Surgeons frequently identified a broad culture shift in their practices toward employing SDM, including training in SDM.
“It’s back to this whole idea of the patient now being the decision-maker and it’s a shared decision-making process, and it was really spearheaded, I think, in medical school, but that’s what we’re being taught to do now effectively.” [specialty, female, 0–5 years in practice]
Nevertheless, several surgeons also voiced concerns that patient involvement in decision-making could lead to bad decision-making by the patient.
“I think the downside of [SDM] is that the idea that you can actually really make an informed decision about, you know, a surgical technique never having done it, never having seen it, never knowing anything about [it] until I tell you that you have this diagnosis … sometimes people make decisions based on kind of something they perceive to make sense about the condition, and they’re just sort of hooked up on some little facet of it that is just making sense to them because of some preconceived notion that’s perhaps totally irrelevant. They can probably make some poor decisions.” [specialty, male, 0–5 years in practice]

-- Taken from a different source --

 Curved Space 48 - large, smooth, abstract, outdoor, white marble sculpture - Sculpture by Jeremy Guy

Surgeons Believe Appropriateness of SDM Depends on Patient Disposition
The most commonly cited downside to involving patients in decision-making was the potential for overwhelming or confusing patients. For example:
“The con is that it definitely can create anxiety in people because ... they haven’t studied this for the last 20 years. They don’t have enough knowledge base to make the informed decision until you give them the information. So I think it’s anxiety-provoking for people.” [general, male, 0–5 years in practice]

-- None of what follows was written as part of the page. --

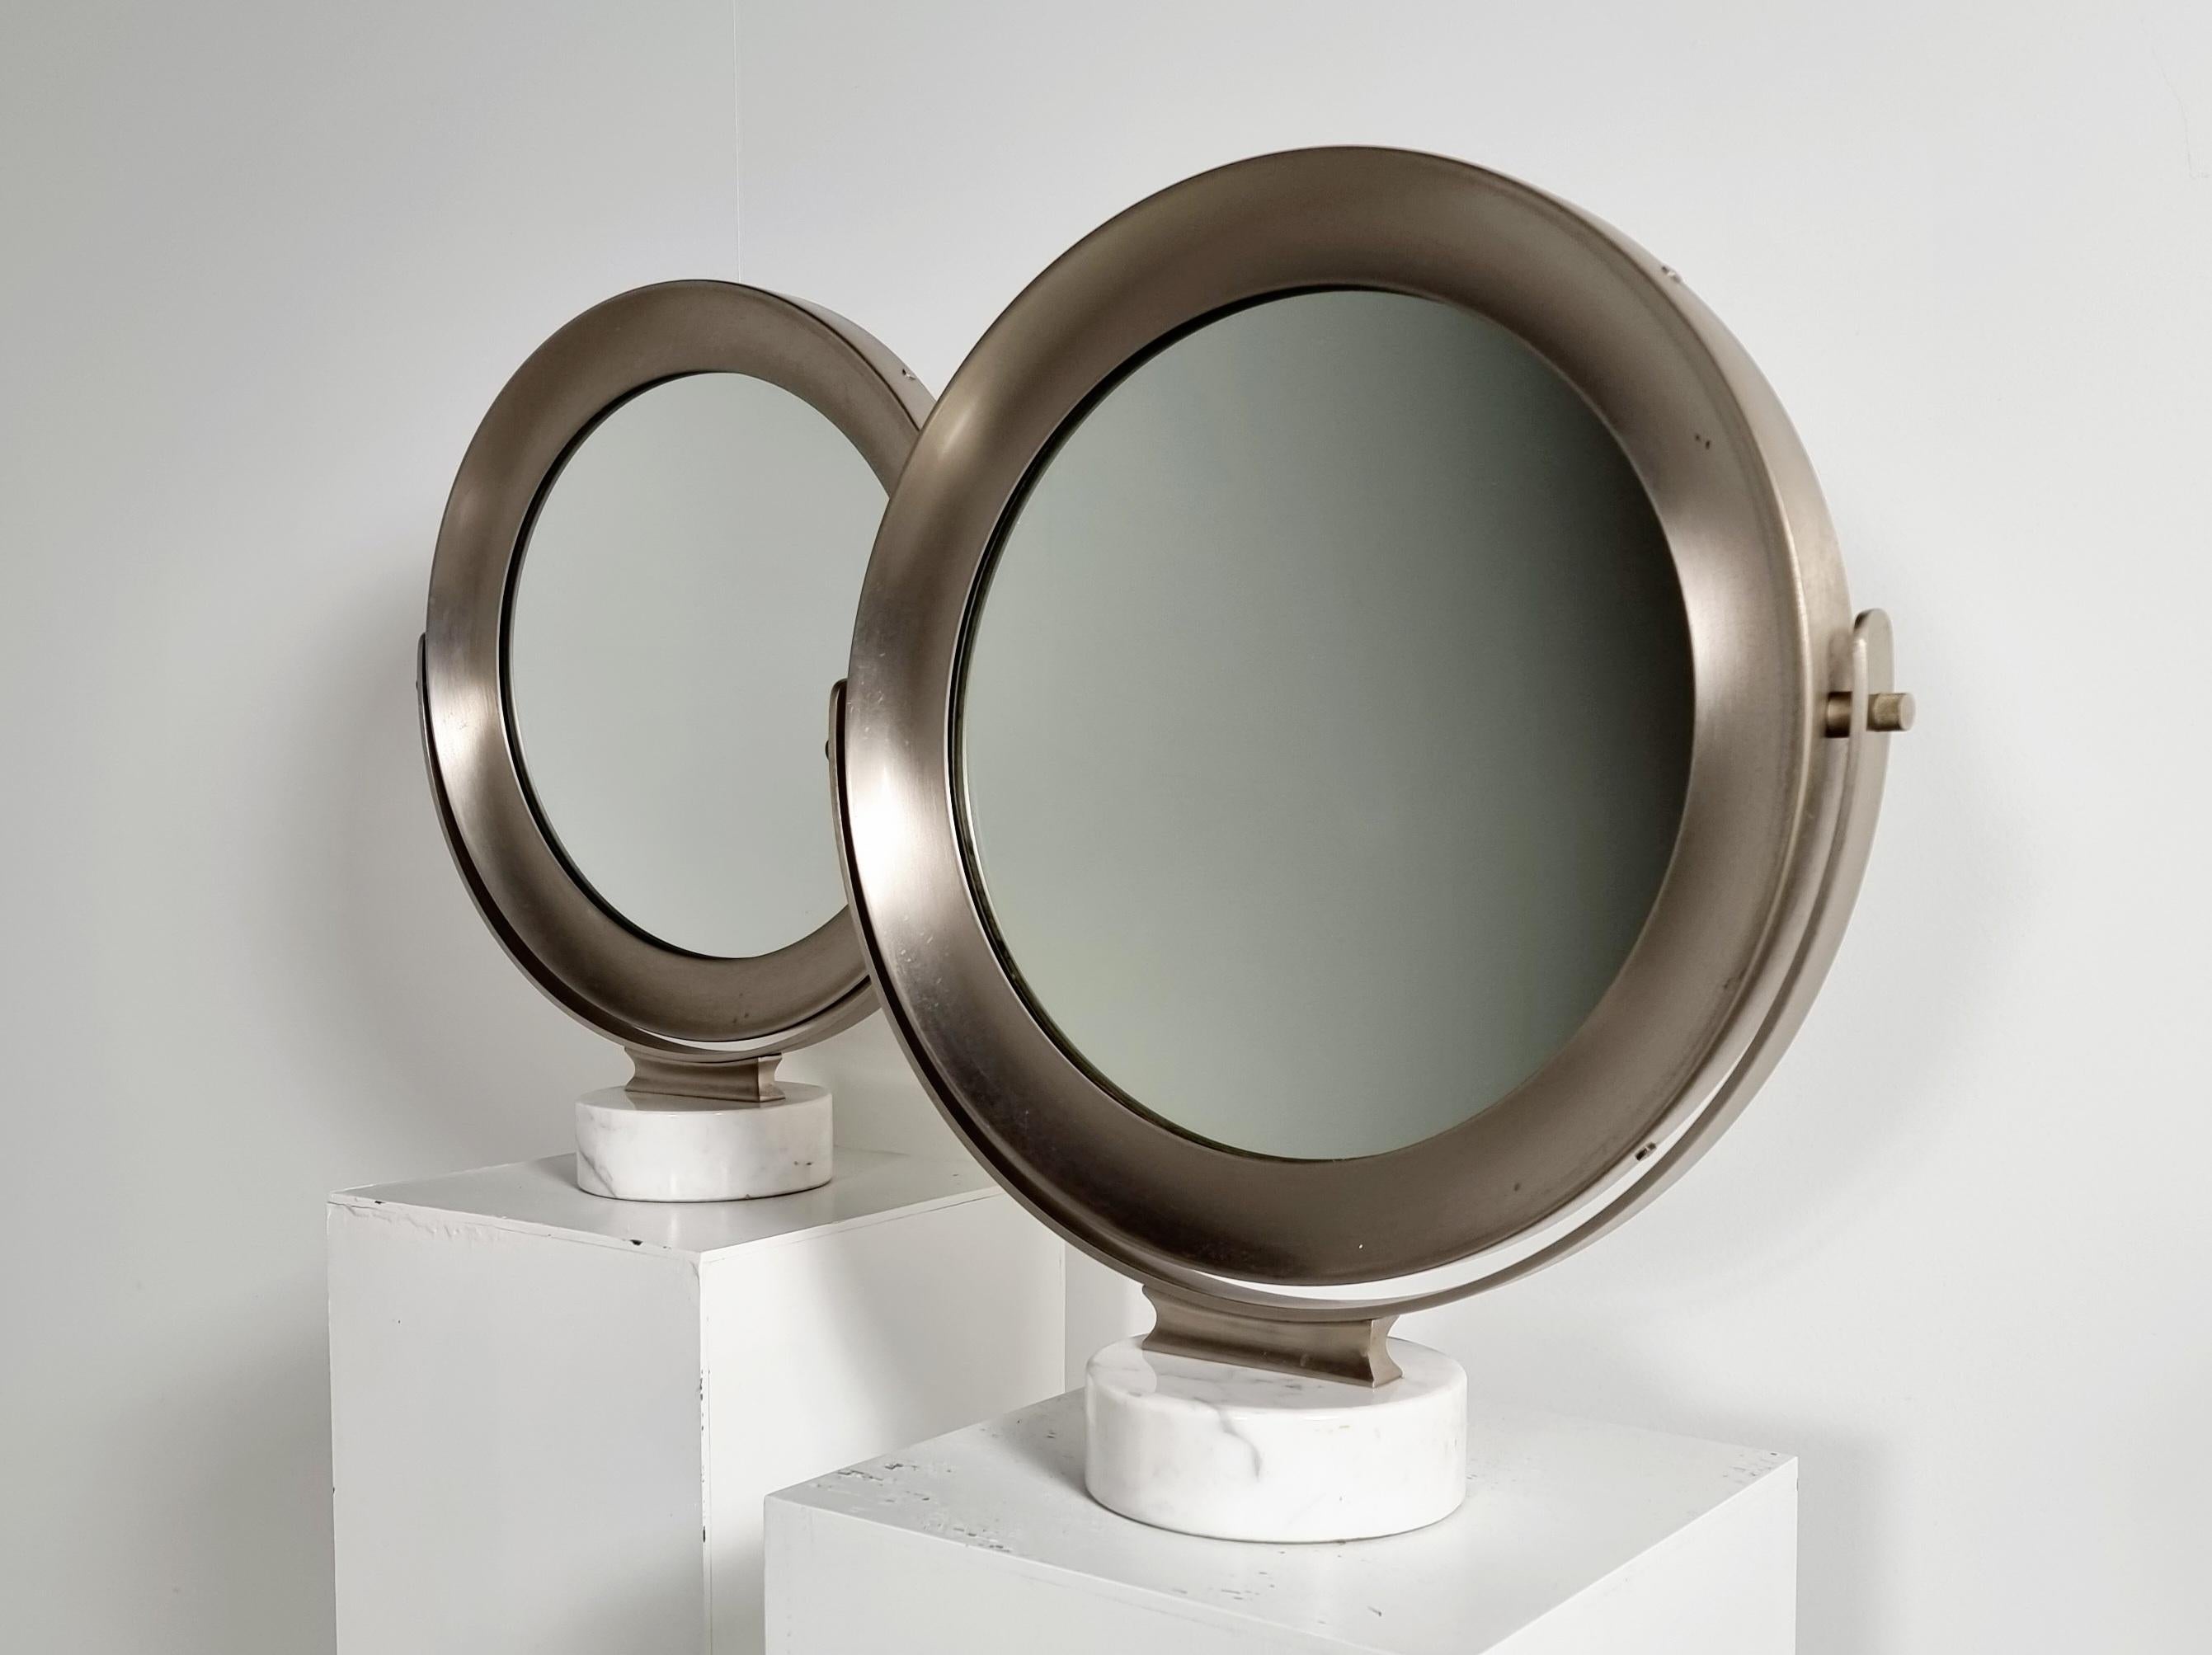 Carrara marble and steel Narciso table mirror by Sergio Mazza for Artemide, the 1970s. With a cylindrical base in white Carrara marble and support structure for the tilting mirror in satin steel, as well as the frame itself.

Surgeons had variable preferences about how to approach decision-making with overwhelmed patients. For example, one surgeon preferred a paternalistic role for these patients:
“There can be patients that are just so overwhelmed, and they don’t know what to do and they want you to just tell them what to do. And I usually do, I mean, I say I would recommend this. I don’t usually just say, oh it’s completely up to you. I usually give them reasons for why I recommend it, but some patients get, like, really overwhelmed with the options.” [general, female, 0–5 years in practice]
Others felt more confident in their ability to modify their conversation to account for patient anxiety and inability to make a decision.
“… I’ve been around long enough to realize how much in-depth I can get with someone and if somebody looks particularly anxious, or some people could be paralyzed by the fact that they are to make a decision, so in that case I may try to keep it simple.” [general, male, >20 years in practice]
Most surgeons perceived that at least some portion of their patient population preferred or required a more paternalistic approach.
“I think all patients are different, and I think some of them come to a surgeon wanting them to tell them what to do, so I am not sure [SDM] is the right thing for all patients, but there are certainly some patients that would feel better … having the choice. But I am not sure that is all patients.” [general, female, 6–10 years in practice]
Another surgeon noted that patients may want to be informed but leave decision-making to the clinician.
“Most of the patients like hearing options, but they want a recommendation. They will say, I came to you because you are the expert, what should I do?” [general, male, 0–5 years in practice]
When contrasting patients who wanted to be involved in decision-making with patients seeking a more paternalistic approach, many surgeons mentioned patients asking what they would choose if in their clinical situation.
“Some patients will just listen to that and then make their decisions. Others would say what would you do? A similar line some would say: If it was your father, what would you do?” [general, male, >20 years in practice]
Thus, surgeons may use these types of questions from patients as cues to the degree of involvement they feel their patients want in decision-making.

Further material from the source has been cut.